I just wish that when people talk of women like me, for whom children are a long held dream, they understand that I did not choose this.  If life had been different I would have a messy home, more wrinkles and more laughter lines.

I did not choose to not have children, it's just the way my life has gone.  I do sometimes wonder why I did not just have a child minus a husband.  Family for me is about a father and mother and I know that dads are important.  I just couldn't be a single mother by choice.  I do wonder whether wanting the best was the right thing.  To my mind, being a parent is all about the best for the child, not me.  It's an attitude that does not get you any popularity.  It seems most people want to have a child for their happiness but I really still want a child because they would be so loved by my family.  I would love to give a child some of the happiness I received as a little child.

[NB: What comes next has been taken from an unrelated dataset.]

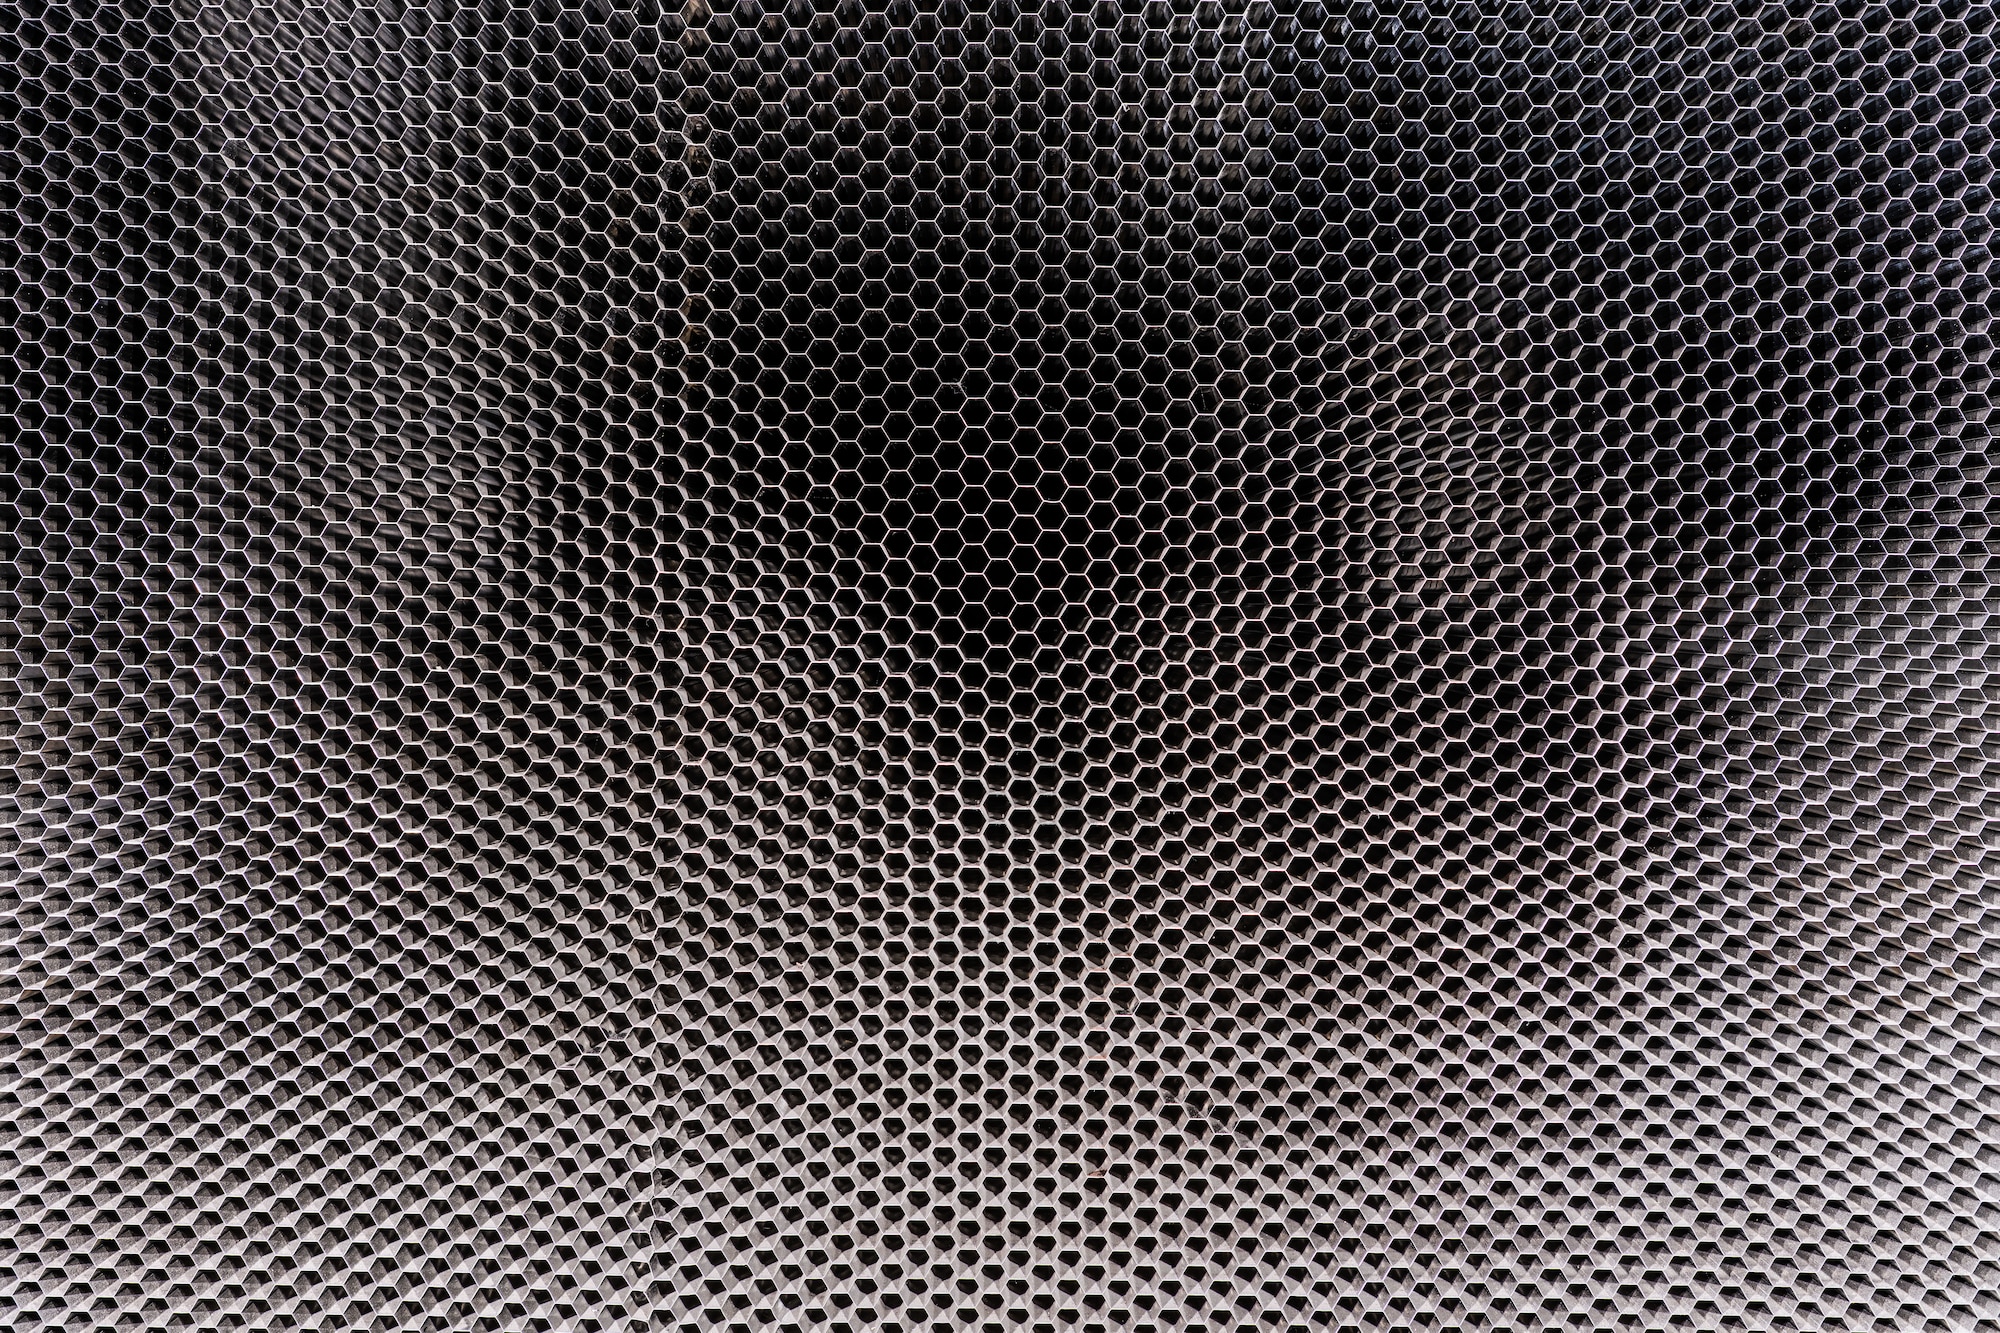 The “honeycomb” structure in the 16-foot supersonic wind tunnel at Arnold Air Force Base, Tenn., is shown. The purpose of the honeycomb is to enhance wind tunnel flow quality. The installation process was completed in October 2023. The honeycomb is a single-piece structure that measures 55 feet in diameter, 4 feet thick and weighs more than 67 tons. It is made up of thousands of stainless steel 1-inch hexagonal honeycomb tubes. (U.S. Air Force photo by Keith Thornburgh)

I do wonder about my choices but the irony is they were always taken with the hope of being a mother.  I chose to work hard with the educational opportunities I was given.  I pursued University in the hope it would lead to providing for a family like my parents did for me.  I have learnt to budget out of necessity but also because I saw my parents struggle yet manage beautifully.  I wanted to always provide more than a house, so I have tried to learn from my parents.  I love men that make good fathers.  I pursued health and wellness in the hope of healthy children.  Perhaps being a parent is not something I get in my life but I will always look to spread some of the love and time I received as a child, good parenting is forever.